Bölümünüzü tercih etmenizdeki etkenler nelerdir?
Şahsi olarak beni etkileyen “Ölü Ozanlar Derneği” adlı bir filmdir. Ortaokul 1.sınıfta o filmi izlemiştim. Beni en çok etkileyen sahne ilk derse girdiğinde Robin Williams kitapta eleştirdiği dogma bilgilerin olduğu sayfaları yırttırır. Yeri geldiğinde kitapların eleştirebilir olduğunu söyler. Orada muhalif tarafını gördüm, çocuklarda yaratıcı düşünme becerilerini geliştirebilmek için ise Robin Williams’ın o yaratıcı öğretmen modeli, sıraların üstüne çıkmaları, onlarla kurduğu ilişki, öğrencilerin hayatlarında iz bırakması ve dünyalarında açtığı pencereler vs. Orada öğretmen olmaya karar verdim açıkçası. Bu film hayatımın dönüm noktası oldu. Onun öncesinde pilot olmak istiyordum ?
Okuduğunuz üniversite ve şehrin öğrenciler için imkanlarından bahseder misiniz?

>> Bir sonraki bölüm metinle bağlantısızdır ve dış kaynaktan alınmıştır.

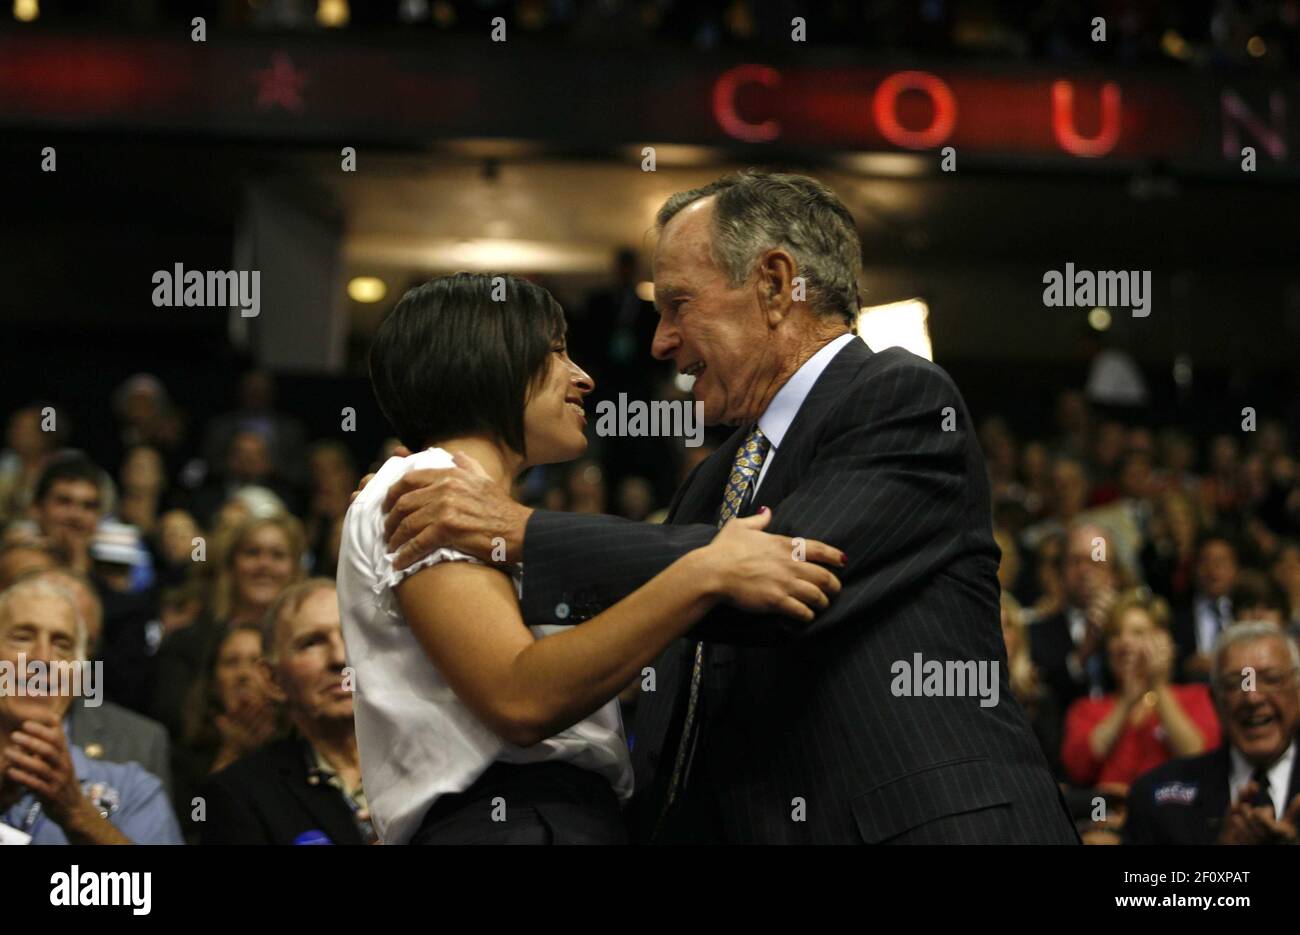 2 September 2008 - St. Paul, MN - Former President George H. W. Bush attends the Republican Convention with his wife Barbara. They were sitting in the stands to show their support for Republican presidential nominee John McCain. Photo Credit: Gary Fabiano/Sipa Press/0809031405 Stock Photo

Lisans eğitimimi, Erzincan gibi şirin ve küçük bir ilde, Erzincan Üniversitesinde tamamladım. Tabi büyükşehirlerin de avantajı, dezavantajları vardır. Küçük şehirlerin de aynı şekilde kendi içinde avantajları dezavantajları var. Erzincan yapı olarak öğrenciyi seven, kollayan ve hoşgörülü bir halktan oluşur. Bazen büyükşehirlerde yapamayacağınız birçok şeyi küçük şehir olduğu için yapabilirsiniz. Belki büyükşehirde büyük bir üniversitede yetenekleriniz, özellikleriniz çok olabilir ama kalabalık nüfus içinde yok olabilir, kaybolabilirsiniz. Küçük şehrin bir avantajı buydu. Mesela ben aynı zamanda yarı profesyonel vokal gitarist olarak müzisyenlik de yaptım. Bu anlamda kendimi geliştirdiğime ve bunun öğretmenliğime katkısı olduğuna inanırım. Tiyatro eğitimleri aldım, tiyatrolar yaptık, konserler verdik. Şiir kitabı çıkardım. Bu anlamda küçük şirin şehrimiz Erzincan’ın avantajlarını gördüm. Ama tabi dezavantajları da oluyor. Eğitim çeşitliliği, akademisyen profili ve kültürel çeşitlik açısından daha çok kozmopolit bir şehirde yaşamadığımız için bunun eksikliklerini de görebiliyoruz.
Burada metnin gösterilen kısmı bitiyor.